Sekitar 250 orang dikhawatirkan hilang setelah longsor salju melanda desa di kawasan Taman Nasional Langtang pada Selasa (28/4), selang 4 hari setelah gempa meluluhlantakkan Nepal pada Sabtu (25/4) lalu. Demikian seperti dilansir Reuters, Kamis (30/4/2015).
Akhirnya tim penyelamat berhasil menemukan lokasi ratusan orang yang hilang tersebut. Kementerian Dalam Negeri Nepal menyatakan, korban hilang berhasil dievakuasi dengan selamat via udara.

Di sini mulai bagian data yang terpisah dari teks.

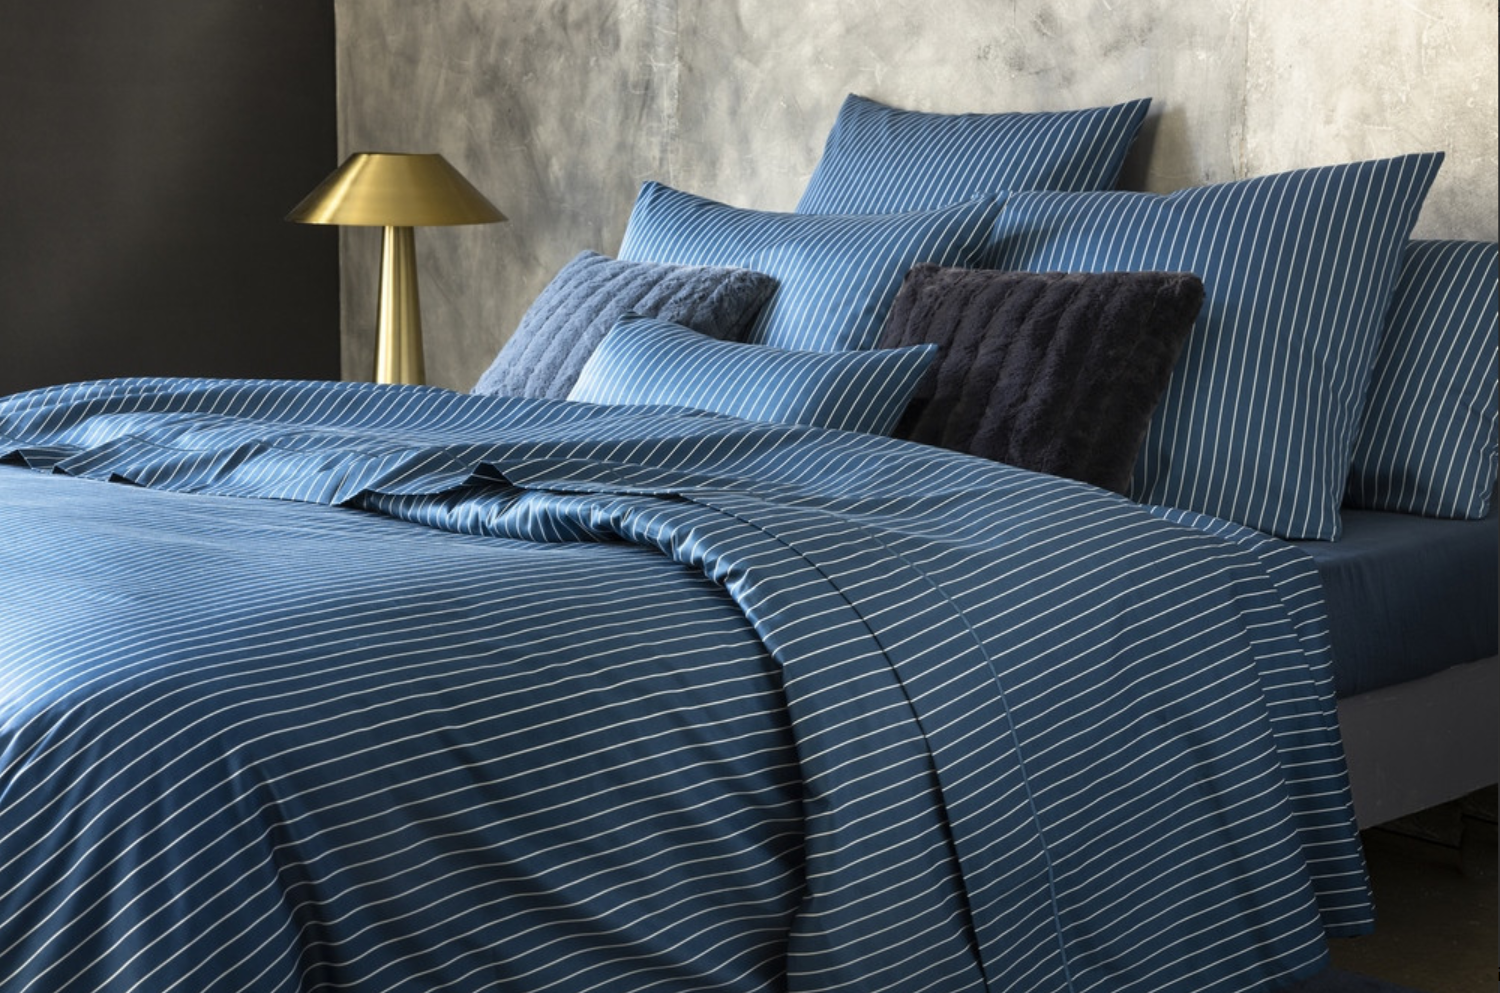 Parure de lit bleue avec rayures blanches aux dimensions 140x200 cm

Namun, lanjut Kementerian Dalam Negeri Nepal, tim menemukan dua jasad di area evakuasi. Keduanya diyakini merupakan wisatawan asing yang tengah mengikuti trekking di lokasi tersebut. Namun kewarganegaraan kedua korban tewas itu belum diketahui.
Kementerian Dalam Negeri Nepal hanya menyatakan, upaya penyelamatan bagi korban hilang telah selesai dilakukan.

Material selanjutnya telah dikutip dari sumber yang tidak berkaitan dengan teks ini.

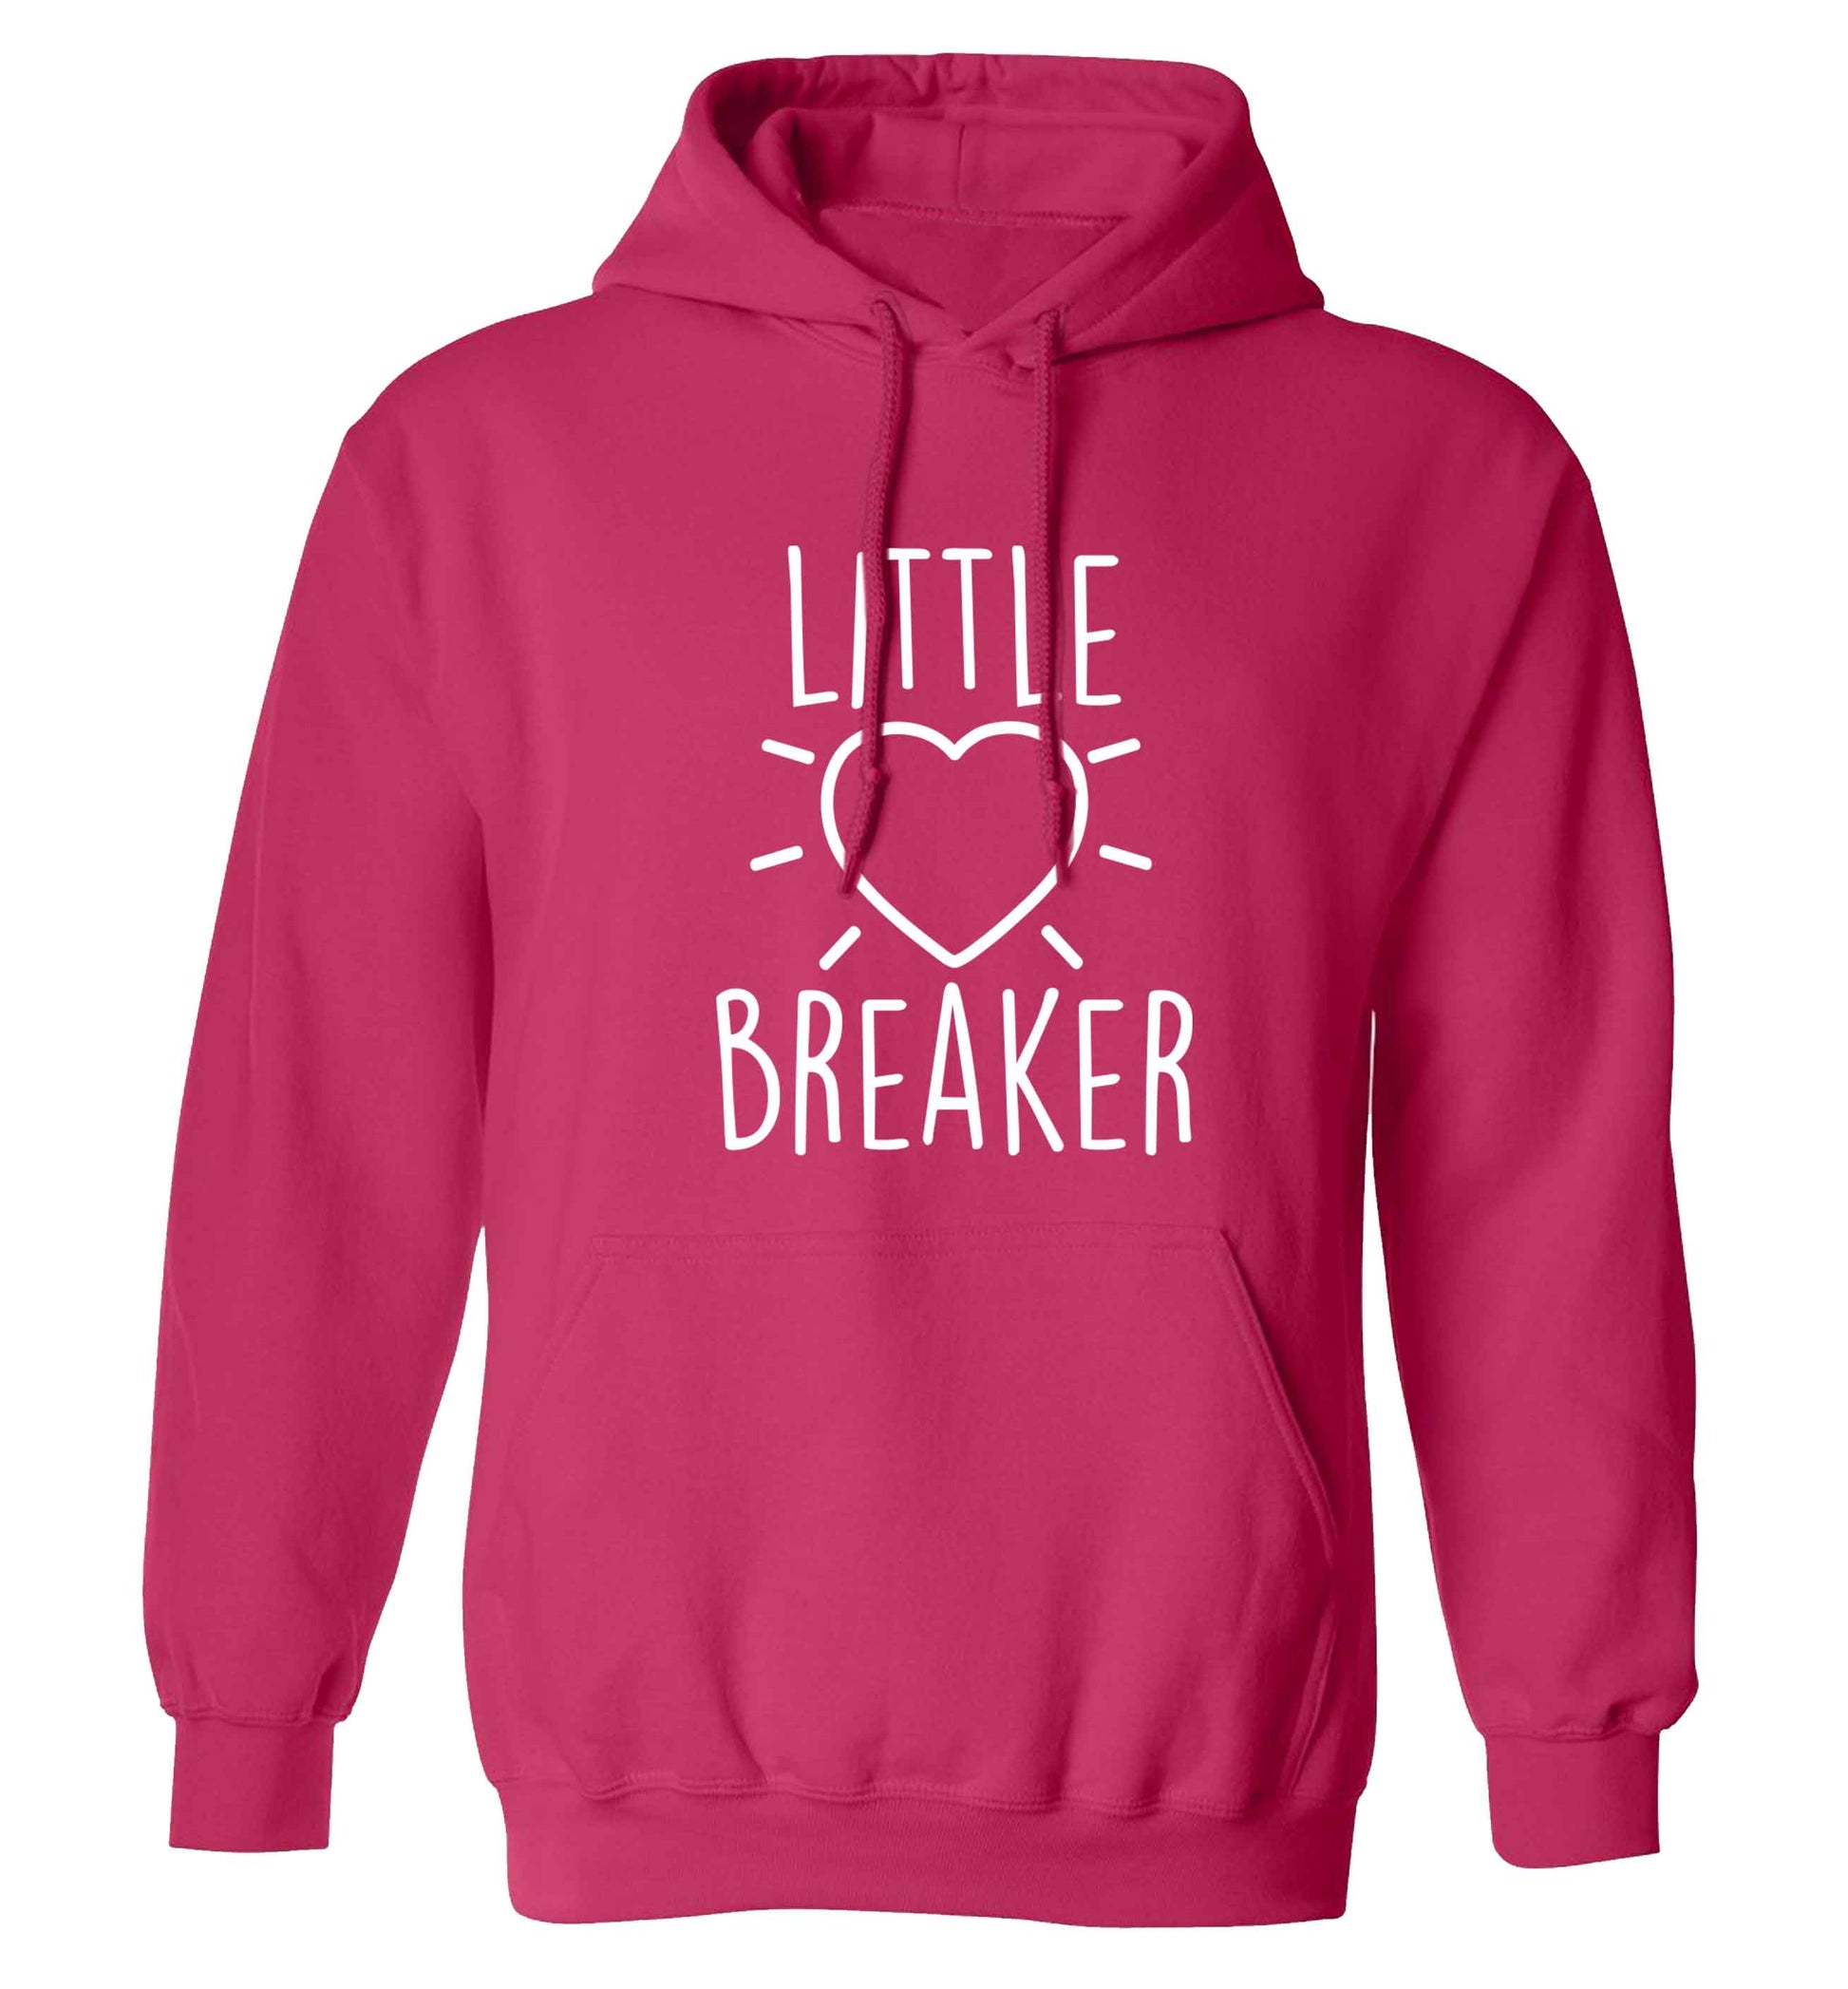 Little heartbreaker adults unisex pink hoodie 2XL

Para pendaki yang terjebak di kawasan Langtang sebagian besar berasal Israel. Ketika hendak dievakuasi, mereka sempat berebut makanan dan tempat di helikopter.
Disebutkan bahwa para pendaki asing tersebut ditolak untuk bernaung di pengungsian oleh warga lokal. Namun di sisi lain, mereka juga tidak bisa kembali ke kota karena jalanan dan jalur pendakian tertutup longsor dan tidak bisa dilalui. Beberapa guest house setempat yang rusak akibat gempa bumi, tidak menerima pengunjung.
"Kami sedang duduk di dalam tenda ketika tiba-tiba ada bongkahan es menimpa," tutur salah satu pendaki asal Israel, Lily Milkovich kepada Reuters.
"Beberapa menit kemudian kami menemukan bahwa beberapa teman kami terkubur salju. Begitu kami merasa aman untuk membantu mereka, kami mulai menarik mereka keluar," imbuhnya.
Milkovich mengaku bahwa memang terjadi aksi saling rebutan untuk masuk ke dalam helikopter. Namun ketegangan segera mencair setelah semua orang mengetahui bahwa helikopter akan mengevakuasi semuanya hingga selesai.
Gubernur setempat, Uddhav Bhattarai menuturkan, ada 100 orang dievakuasi via udara pada Rabu (29/4) pagi dan sisanya sebanyak 125 orang akan dievakuasi segera. Helikopter Israel, lanjut Bhattarai, menyelamatkan warganya terlebih dahulu sebelum mengevakuasi warga negara lain.
Selain di wilayah Langtang, salju longsor juga terjadi di Mount Everest akibat gempa dan menewaskan 18 orang, yang sebagian besar pendaki asing.